Из деревенского дневника
Шрифт:
Старик представил, как она плачет, и сам прорыдал таким старческим хриплым рыданьем, что всех невольно проняла дрожь…
— Как же ты ее встретил-то? — преодолев впечатление страха, спросил писарь.
— А так: пошел я, братец ты мой, по лесу, как раз вот об эту пору, и норовил я от Никольского добраться до дому прямиком, стало быть как есть насквозь весь лес мне пройти надо было… Иду я — палка у меня… Палку я всегда держу; — иду… Пошла чаща, иду, разгребаю ветки-то; вдруг раздвинул в одном месте, а она прямо передо мной… Так я и обмер. Думаю: «Н-ну!» Только тою ж минутою глянула она, да как птица по лесу — эво кругом каким, и вон где позади меня как зальется… Ну, я — давай бог ноги…
Все молчали.
—
— А чай и жутко было, Иваныч? — проговорил староста.

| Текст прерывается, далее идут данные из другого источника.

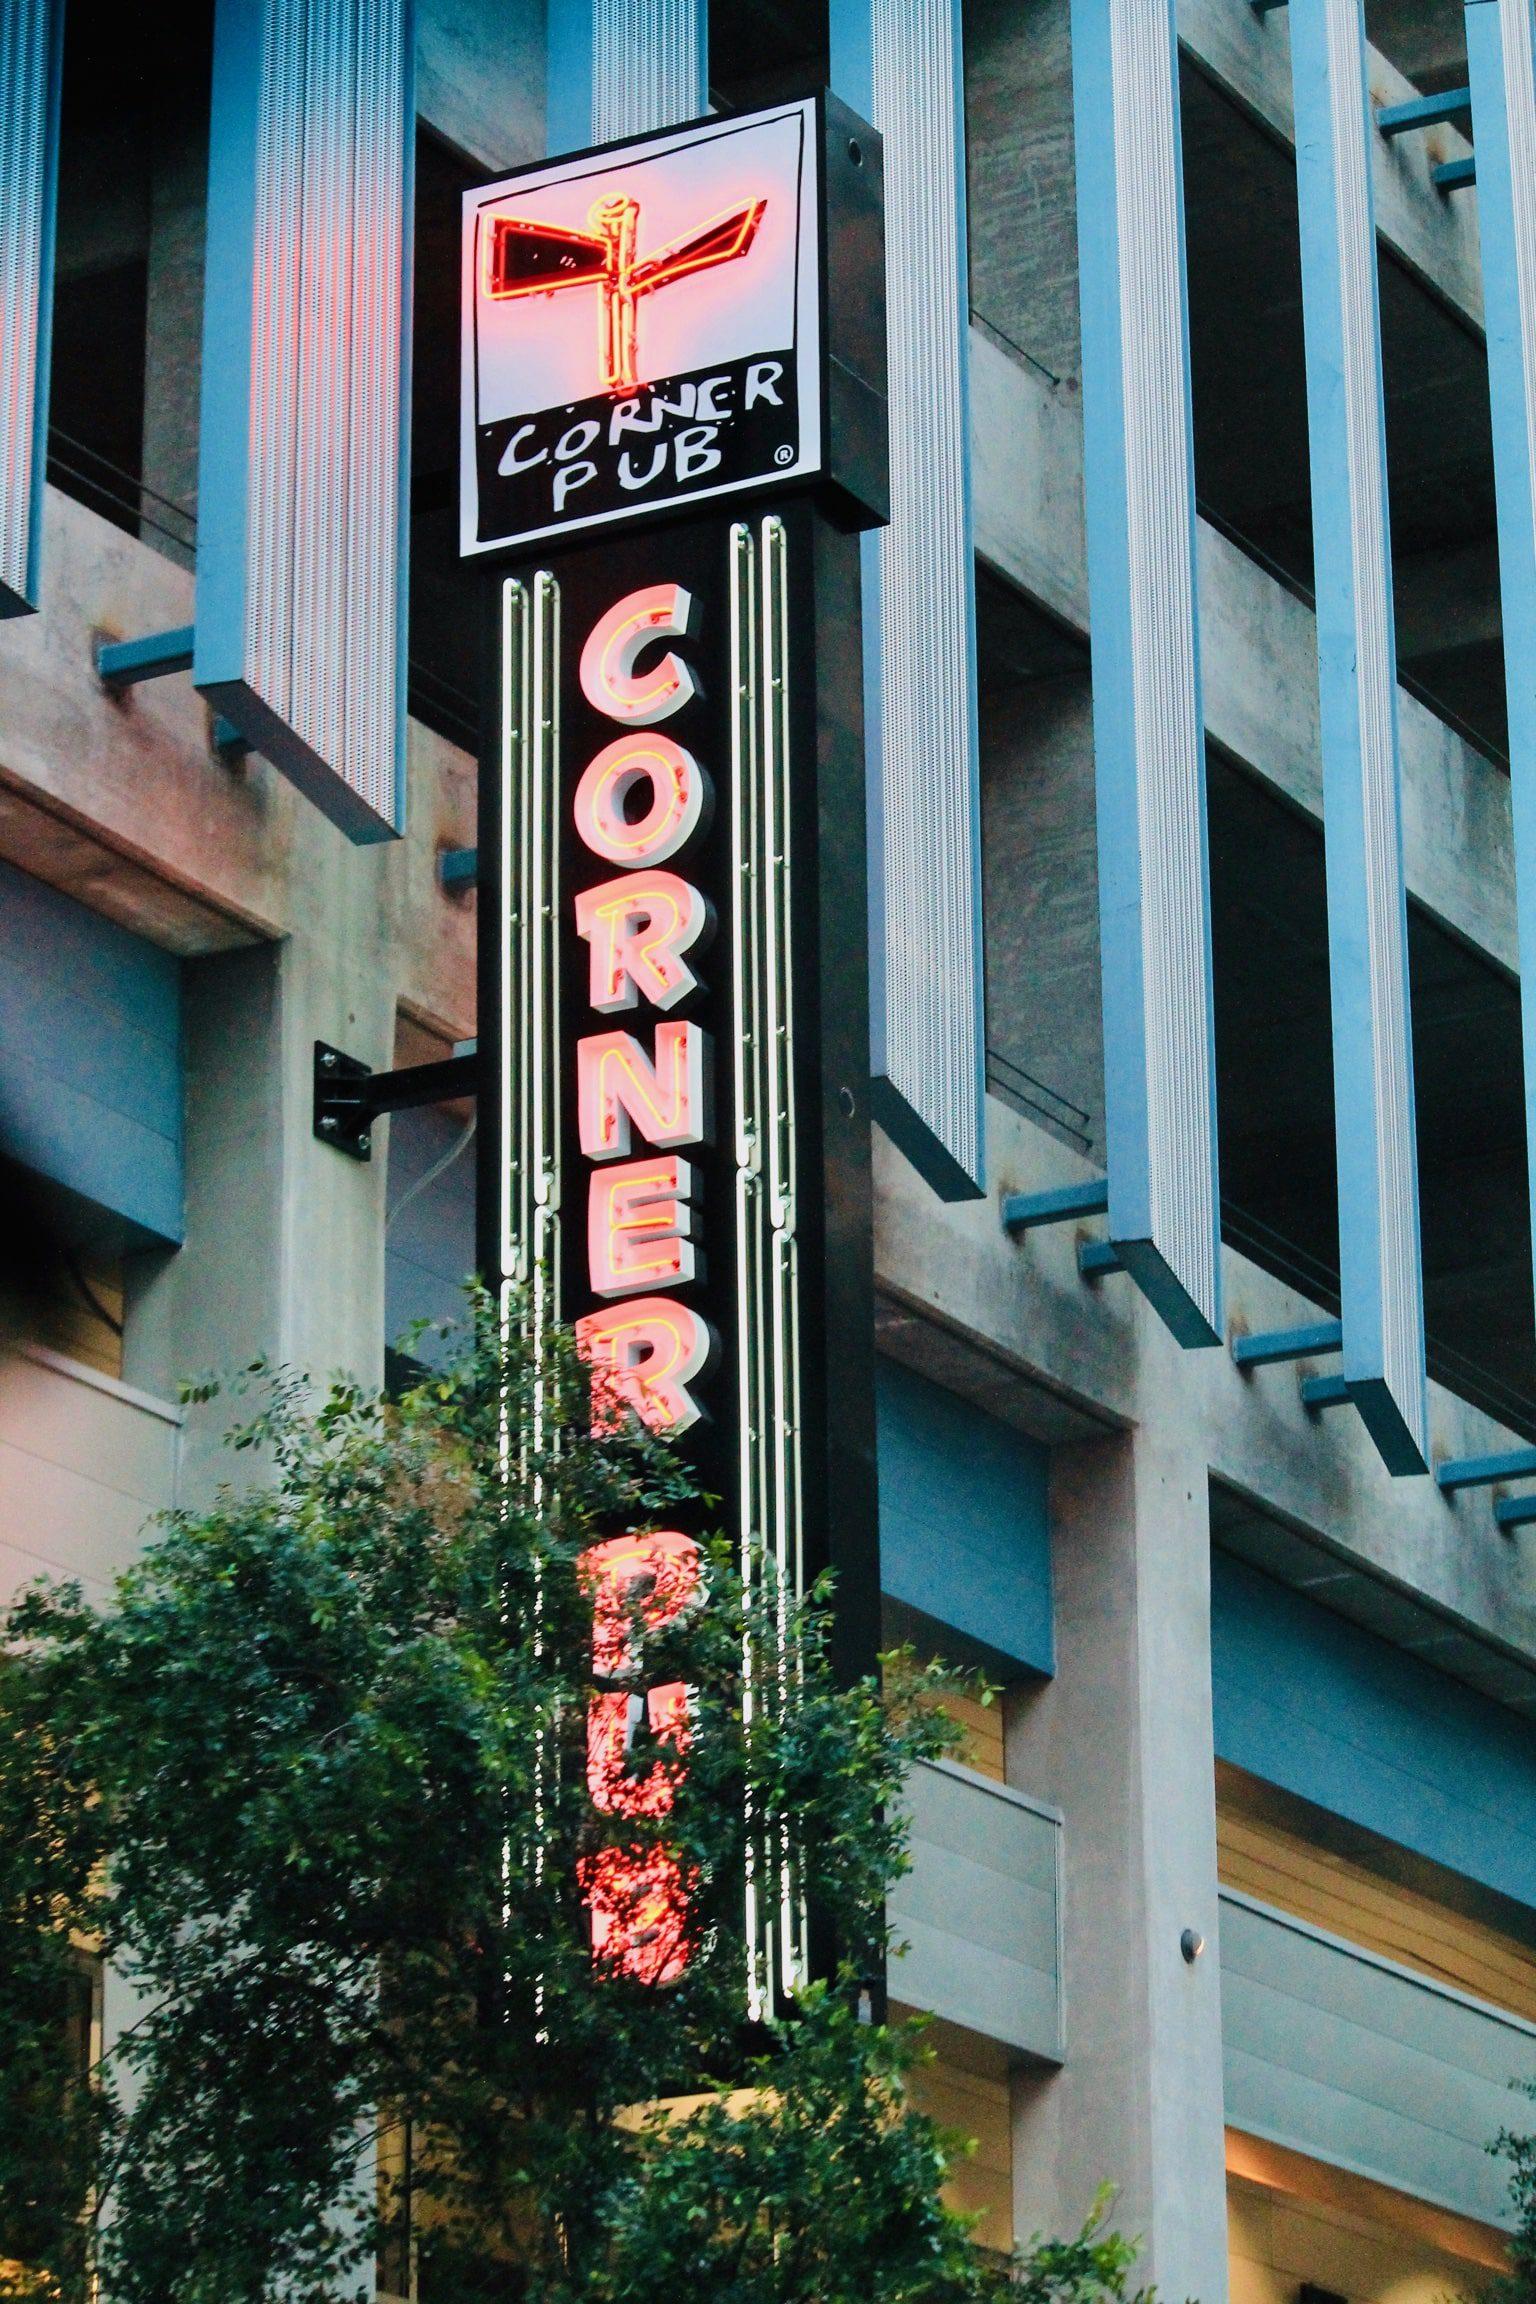 led restaurant sign in Nashville with led conversion

— Да уж не без того. Не хвастаясь скажу — не робок я, видал на своем веку много делов пострашней, а не утаю — зачал щелкать по лесу-то, забыл, что нога прострелена… Добрался до дому-то — слава тебе господи!
Всем стало легко, когда пчеляк произнес последнюю фразу, и всякий, под влиянием этого впечатления, облегчившего душу, поспешил рассказать какой-нибудь случай из своей жизни, в котором страх играл также немалую роль, но в котором в конце концов все оказывалось вздором и смехом. Со всяким случалось что-нибудь подобное, и всякий рассказал, что знал или слышал, и, наконец, опять настало молчание. И «о страшном» не было уже материала для разговора. Но старик-пчеляк, любивший поговорить, казалось не желал давать разговору какого-нибудь другого направления и продолжал сохранять на своем лице то же несколько таинственное выражение.
— Нет, — наконец сказал он: — вот с Кузнецовой женой, вот так уж напримался я страху.
Кузнецов был молодой сельский торговец: в соседнем большом селении у него был магазин. Я знал его лично и крайне удивился, узнав, что он — семейный человек, так как постоянно видел его и в квартире и в лавке одного.
— Разве Кузнецов женат? — спросил я.
— Как же! Да-авно!
— Где же его жена?
— Она уже второй год как в больнице, в Москве, лечится… Теперича-то, пишет, будто поправляется, а уж что тогда было, не приведи царица небесная!.. Я один, братец ты мой, бился с нею целую неделю, день и ночь, так уж знаю, что такое это… Давай мне тысячу рублей теперича — нет!.. Не заманишь!..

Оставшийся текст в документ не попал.